* Exercise directions *
At the line containing "Illustrazione che mostra", begin an exact copy, and continue through the last line of the entries below. Leave out any pictures.

(Dataset items)
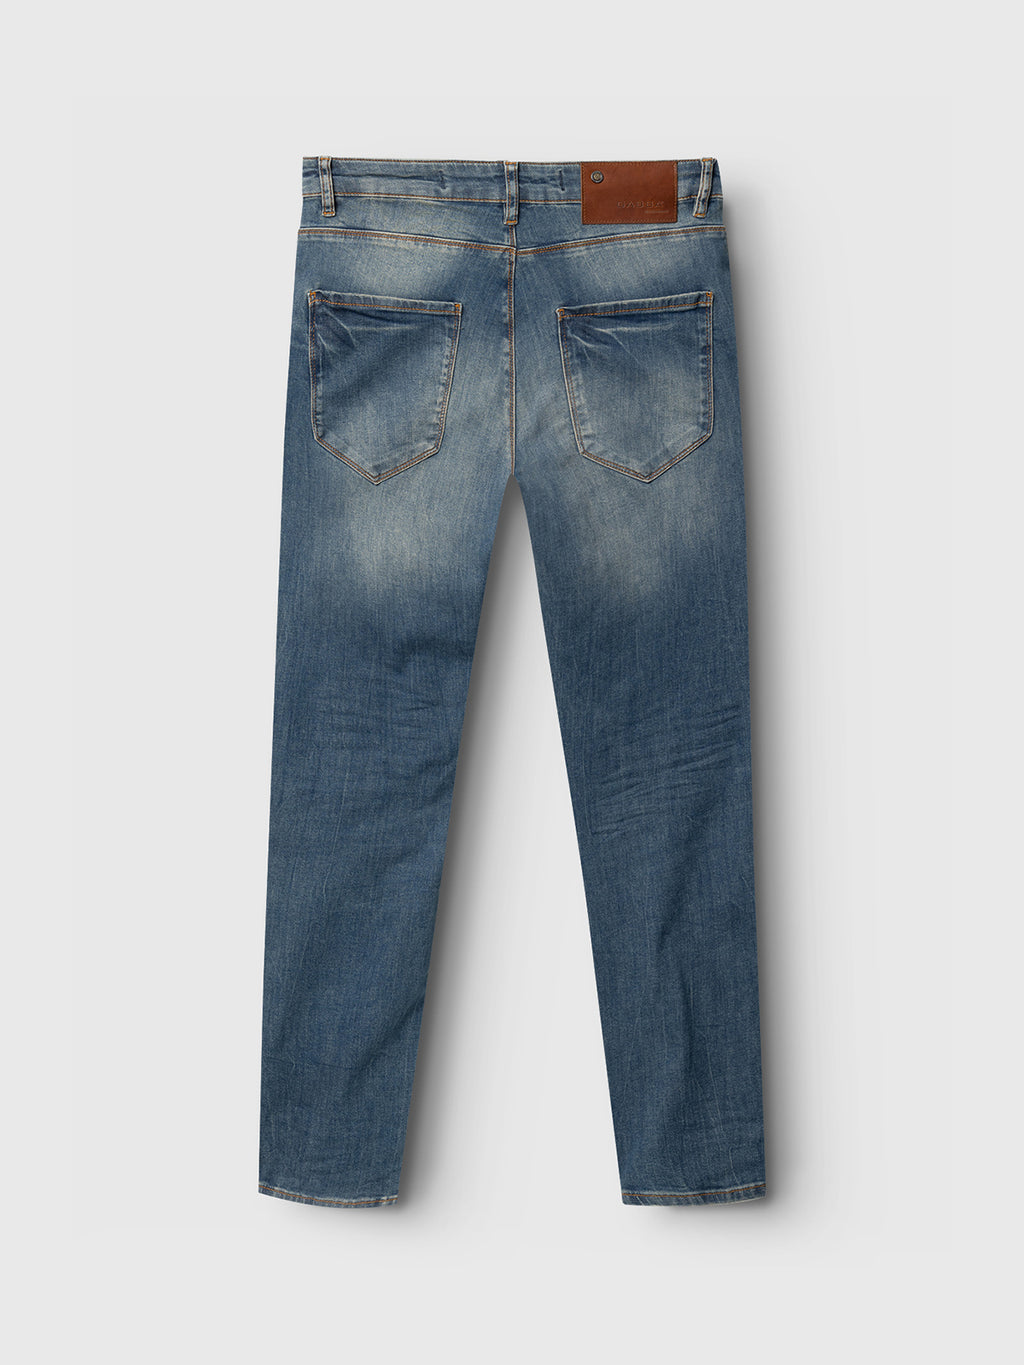 Rey 44617 Jeans - Denim wash
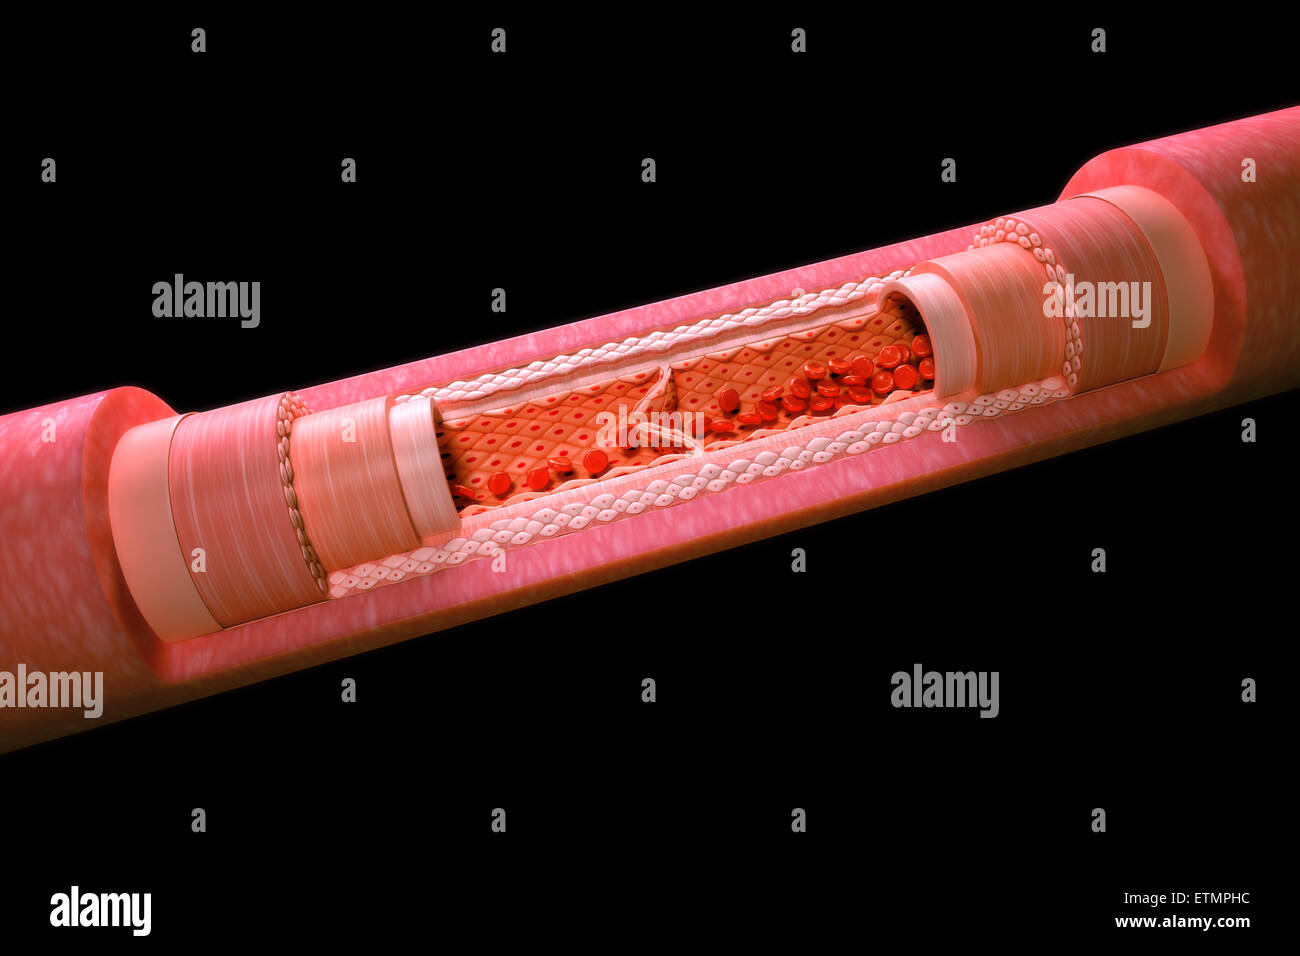 Illustrazione che mostra una vena con una sezione ritagliata per rivelare l'anatomia interna, comprese le valvole e il flusso di sangue. Foto Stock
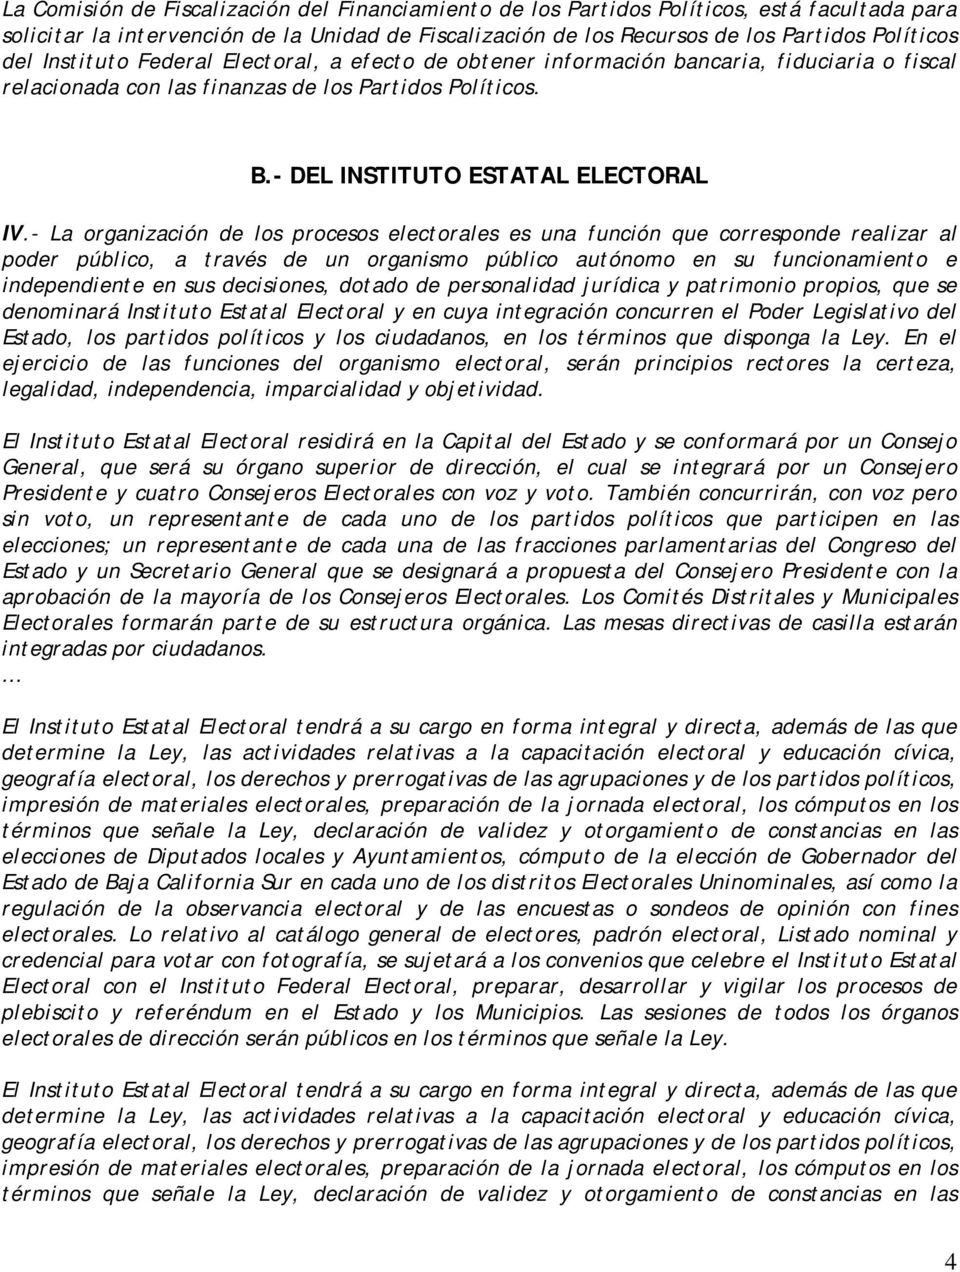 - La organización de los procesos electorales es una función que corresponde realizar al poder público, a través de un organismo público autónomo en su funcionamiento e independiente en sus
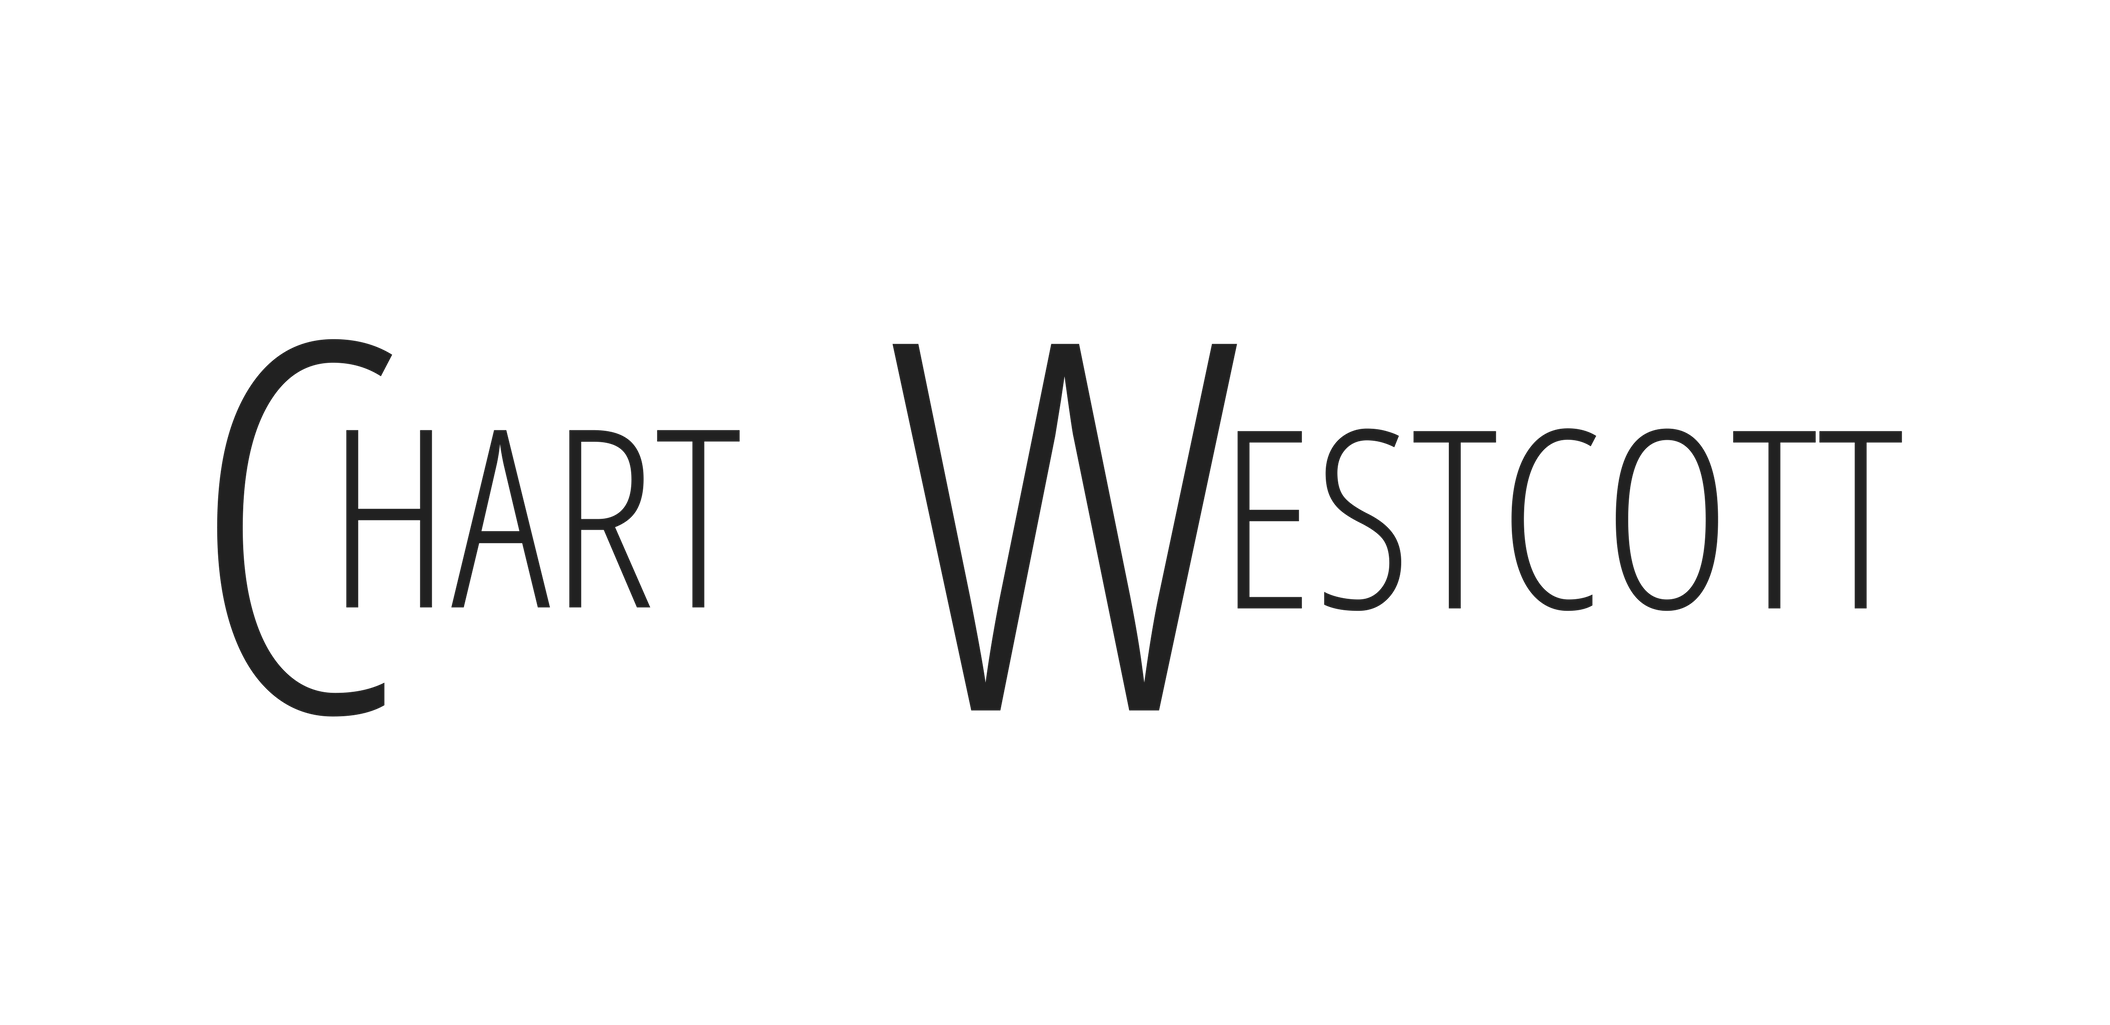 Chart Westcott Age
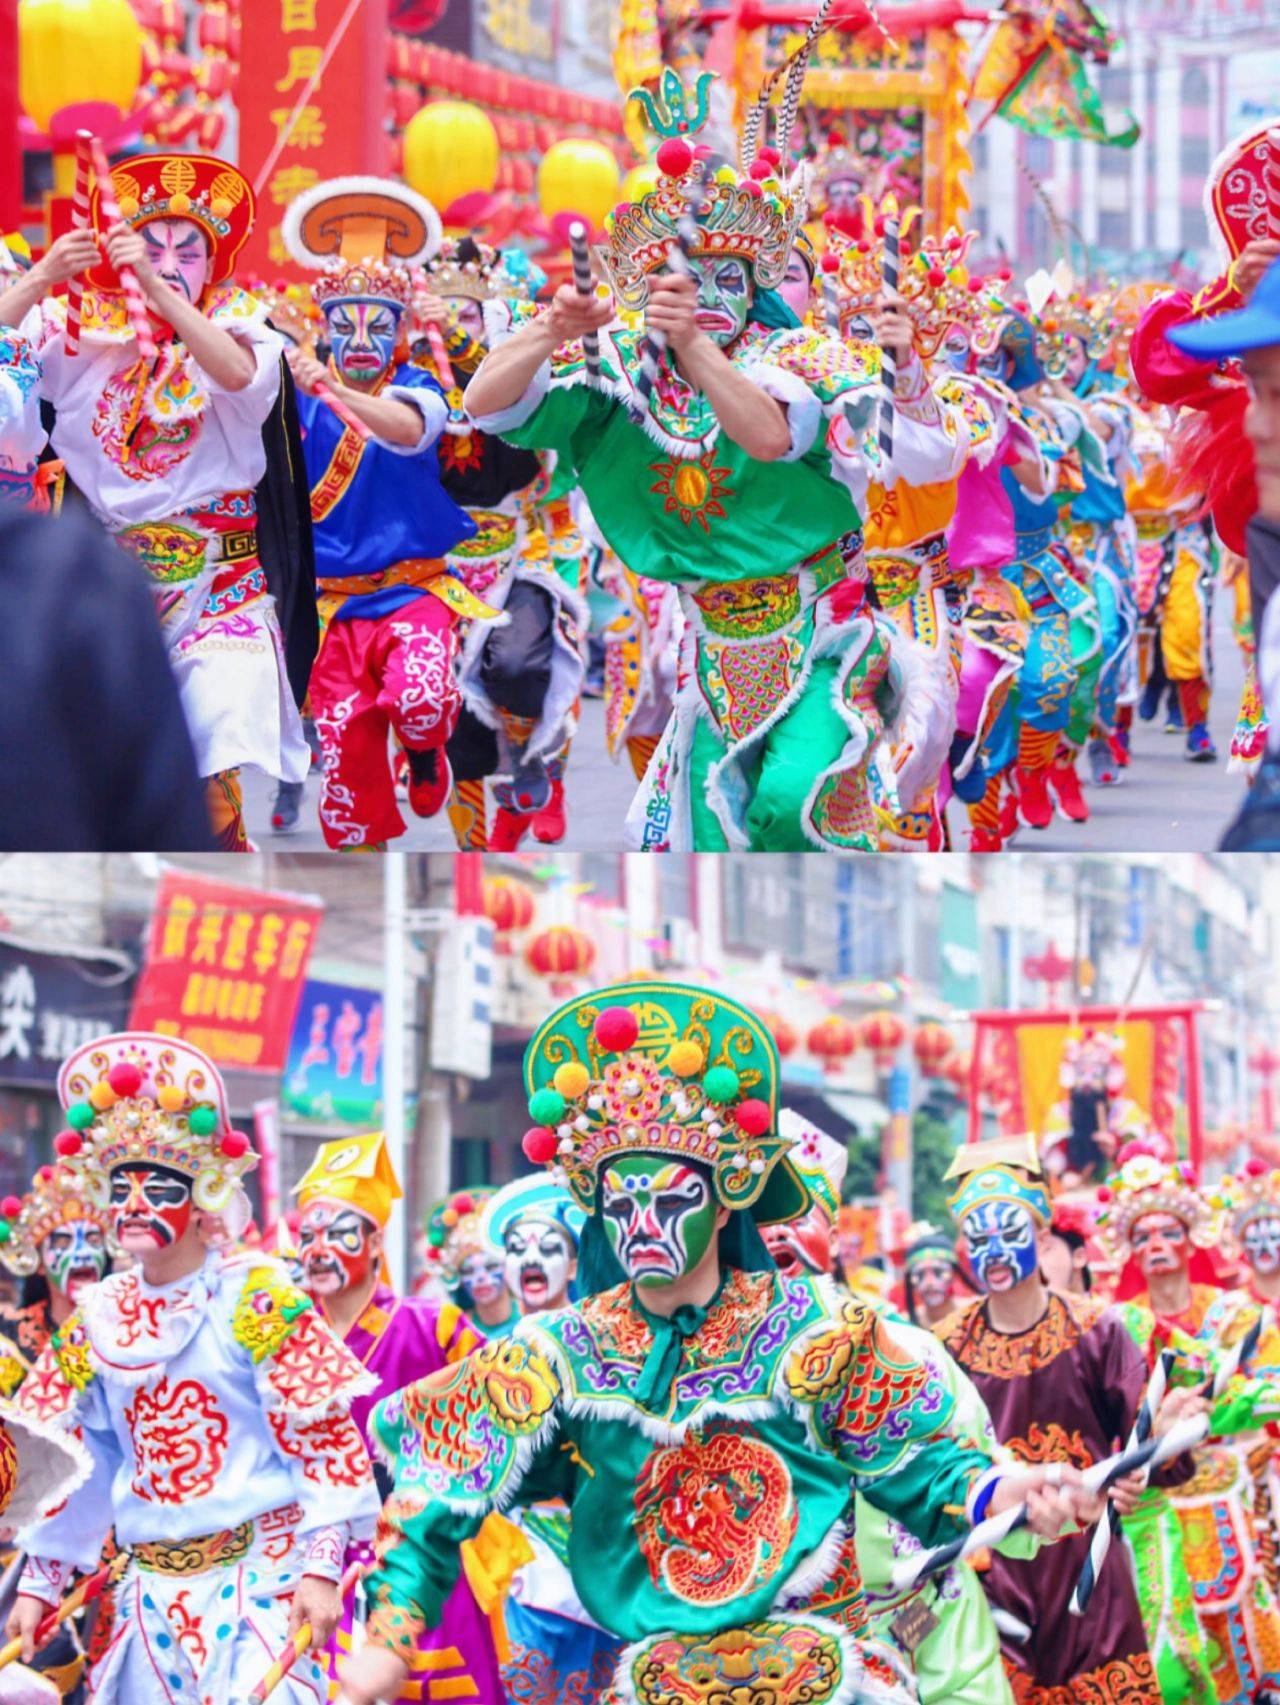 融合中西文化潮汕英歌舞融合了中西方文化,不仅在音乐,服装,舞蹈等

* Output of the exercise *
 Illustrazione che mostra una vena con una sezione ritagliata per rivelare l'anatomia interna, comprese le valvole e il flusso di sangue. Foto Stock
 - La organización de los procesos electorales es una función que corresponde realizar al poder público, a través de un organismo público autónomo en su funcionamiento e independiente en sus
 Chart Westcott Age
 融合中西文化潮汕英歌舞融合了中西方文化,不仅在音乐,服装,舞蹈等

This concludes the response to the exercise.